▶ DATASET SECTION:
------------------------
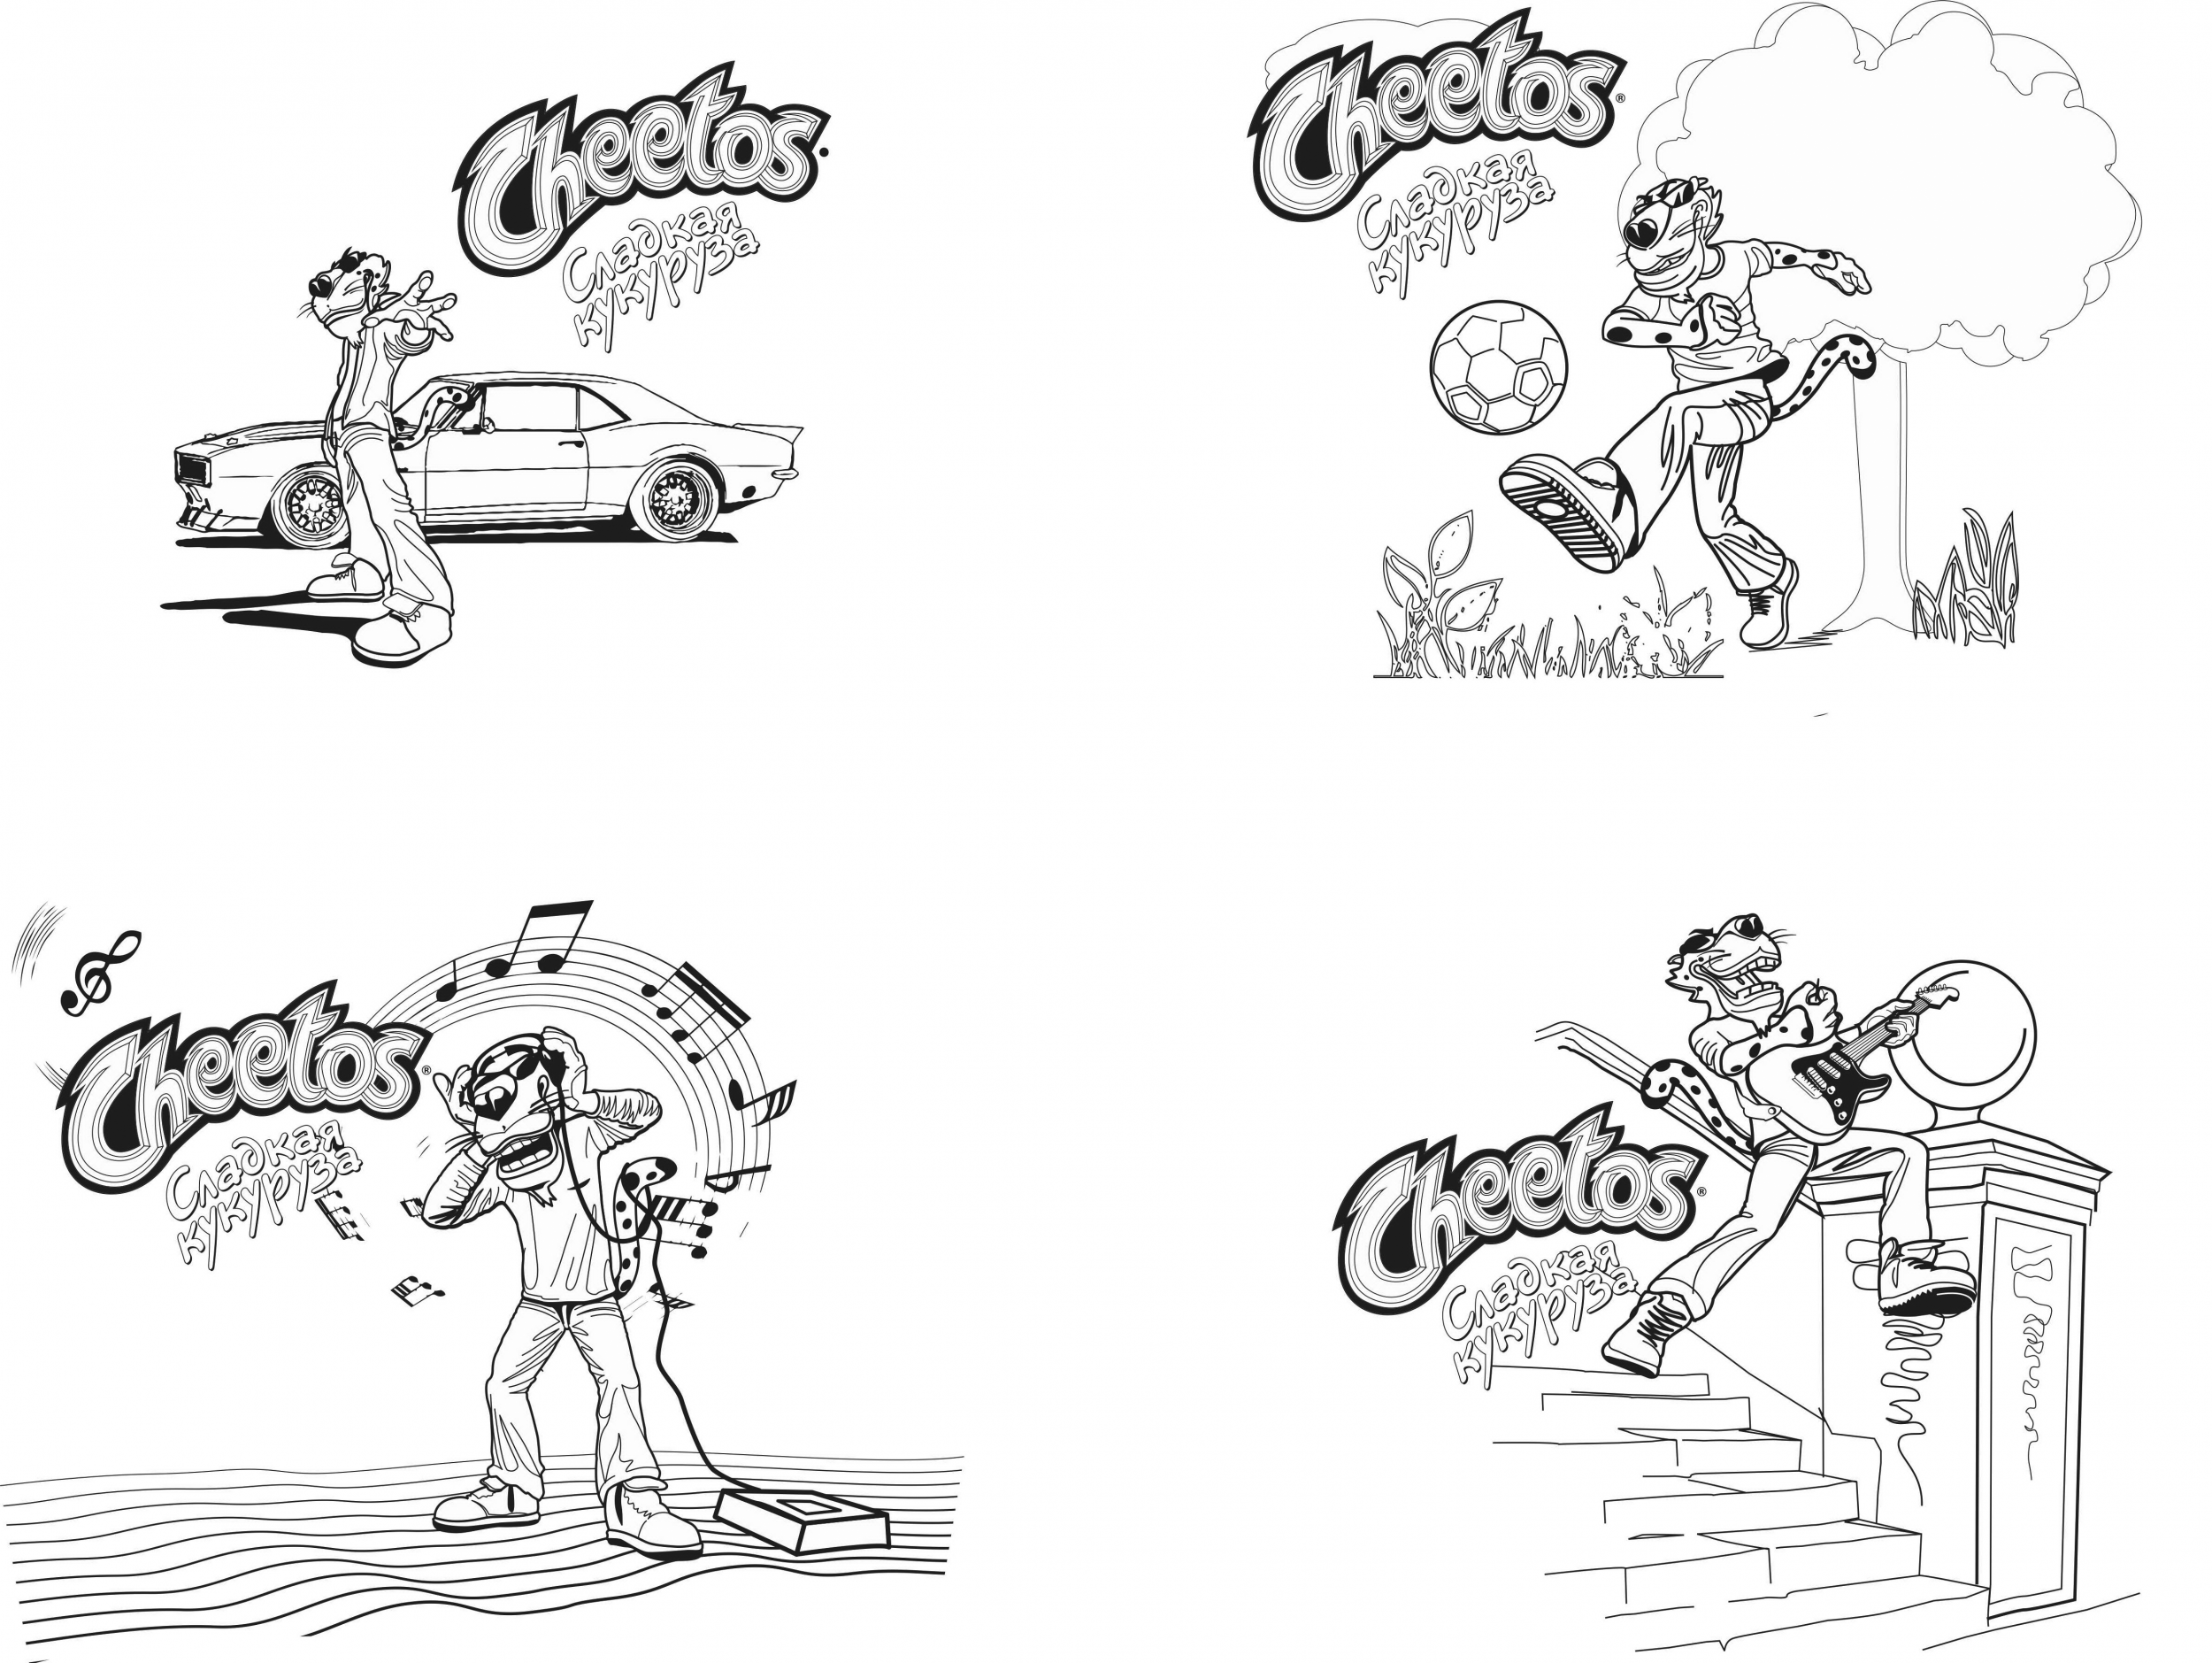 cheetos-now.png
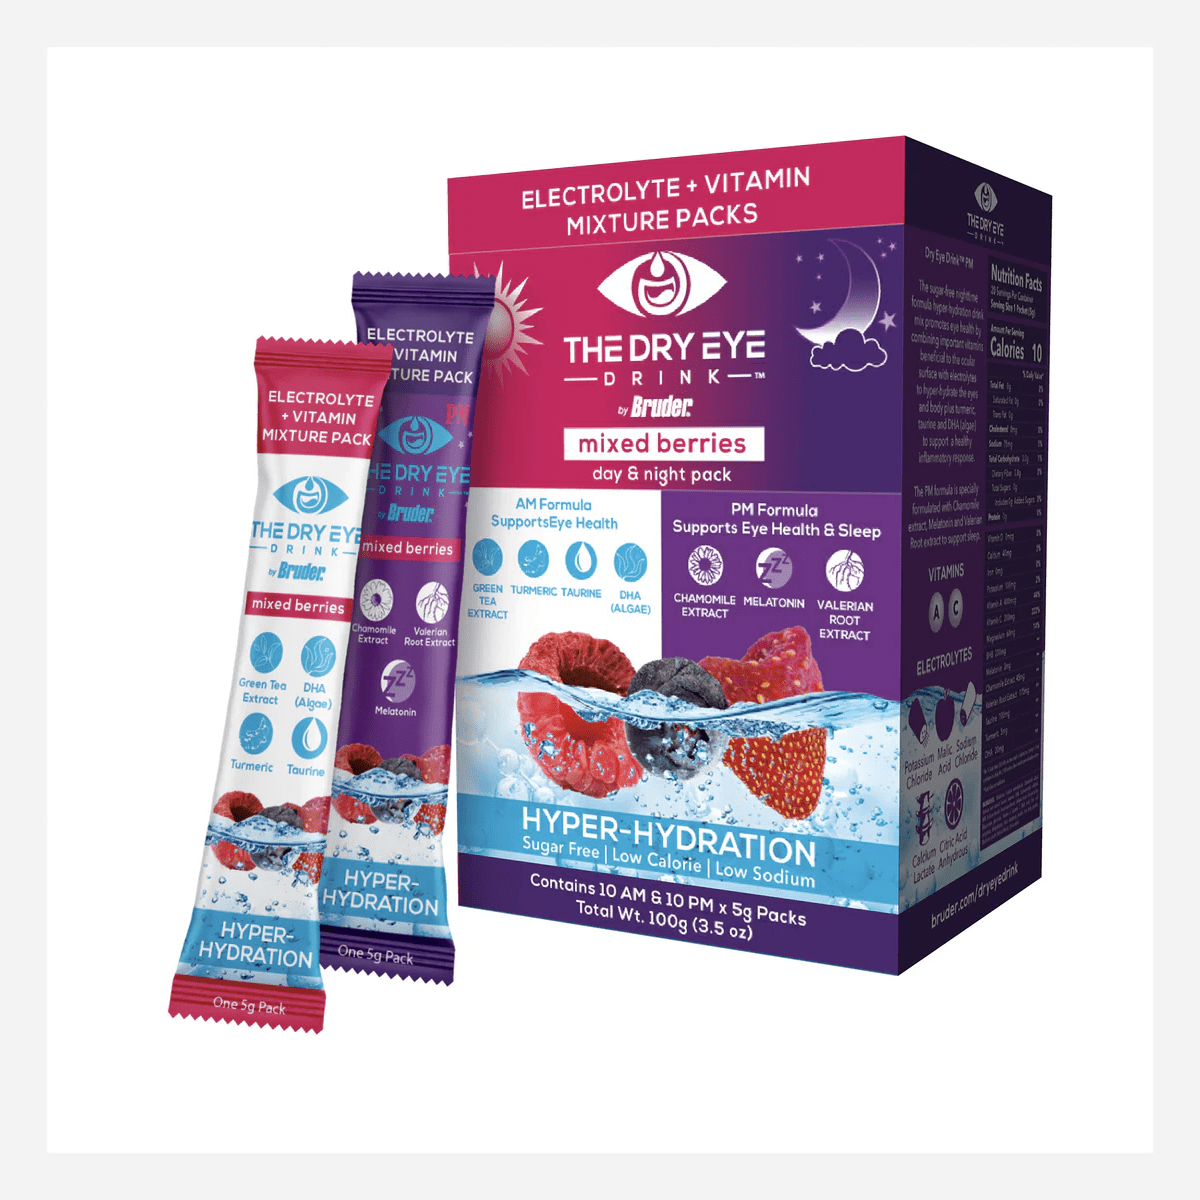 The Dry Eye Drink the Ultimate Hydration for Dry Eyes, Sugar-Free Electrolyte Powder Packets, Blended with Vitamins, Green Tea, Turmeric, Taurine, and Omega 3 (20 Packets of Mixed Berry AM/PM) - Dryeye Rescue
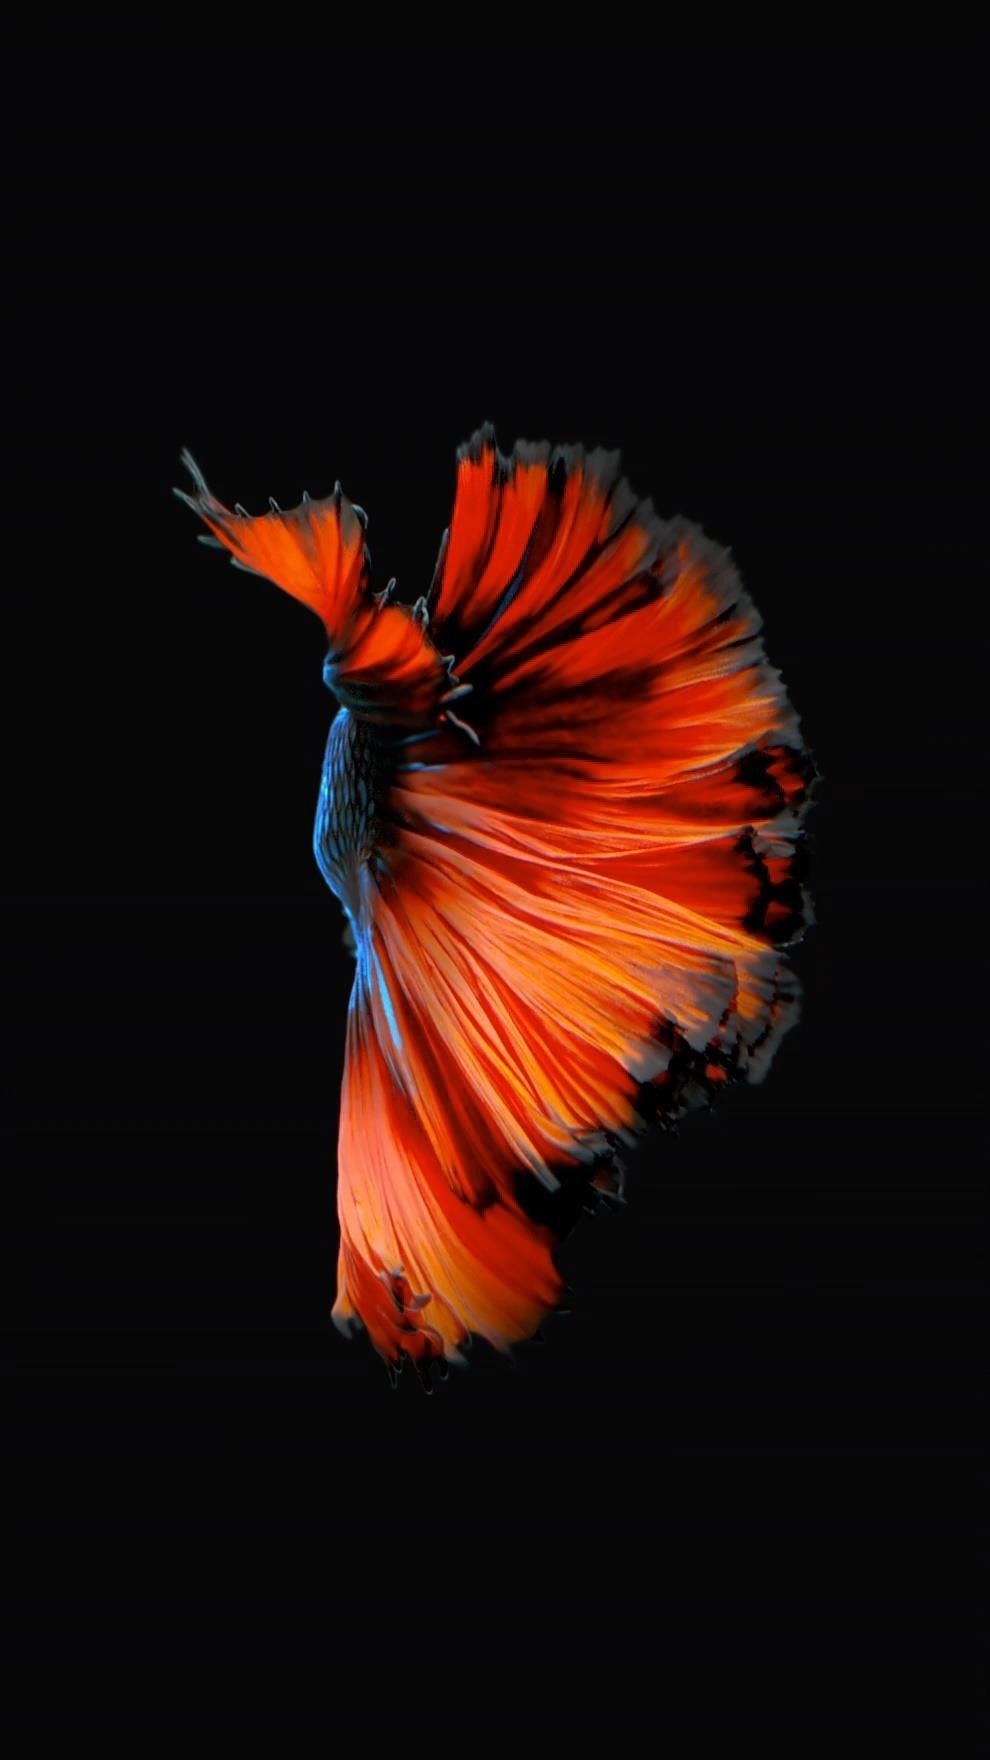 How to Get Apples Live Fish Wallpapers Back on Your iPhone iOS
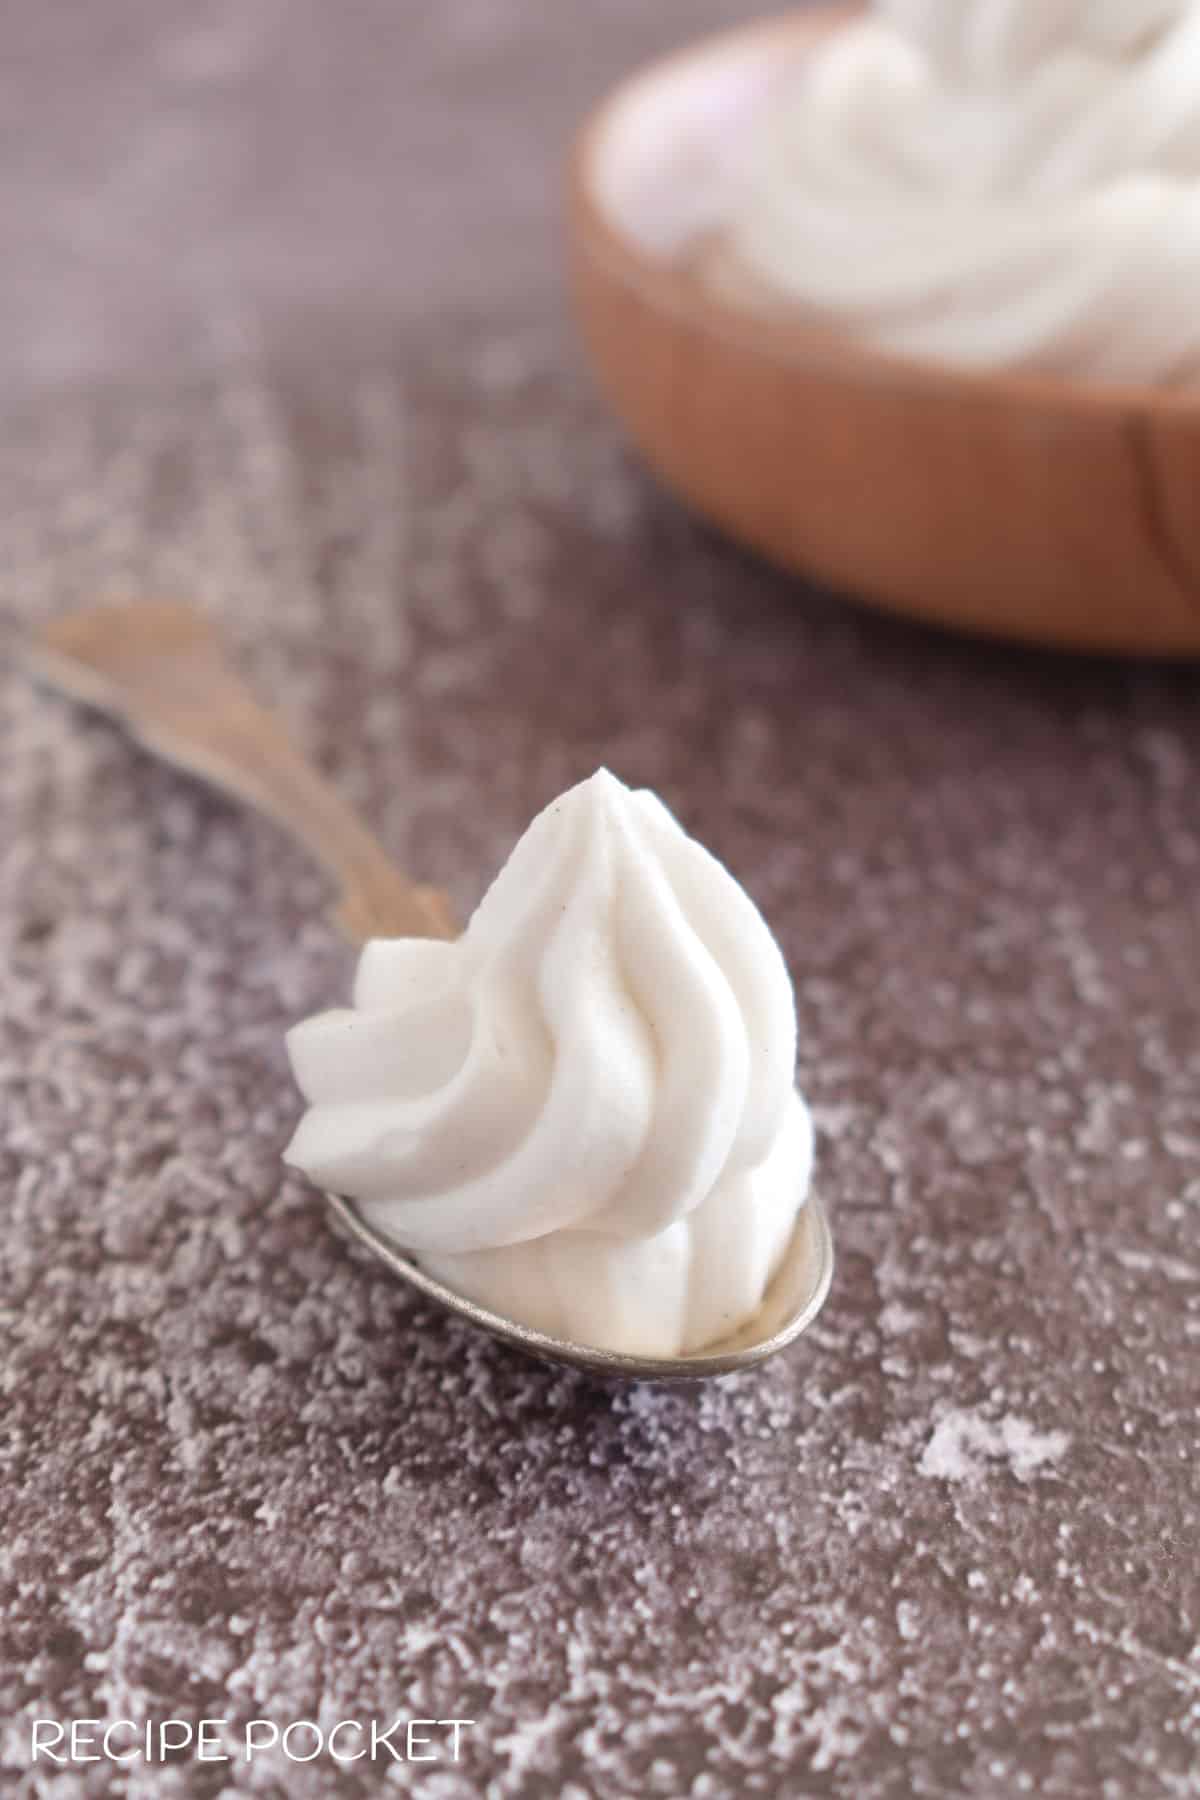 A piped swirl of thick yogurt on spoon.
------------------------
▶ TASK:
Beginning with the line containing "The Dry Eye" and ending with the last line of the material, output each line exactly; do not include pictures.

▶ TASK SOLUTION:
 The Dry Eye Drink the Ultimate Hydration for Dry Eyes, Sugar-Free Electrolyte Powder Packets, Blended with Vitamins, Green Tea, Turmeric, Taurine, and Omega 3 (20 Packets of Mixed Berry AM/PM) - Dryeye Rescue
 How to Get Apples Live Fish Wallpapers Back on Your iPhone iOS
 A piped swirl of thick yogurt on spoon.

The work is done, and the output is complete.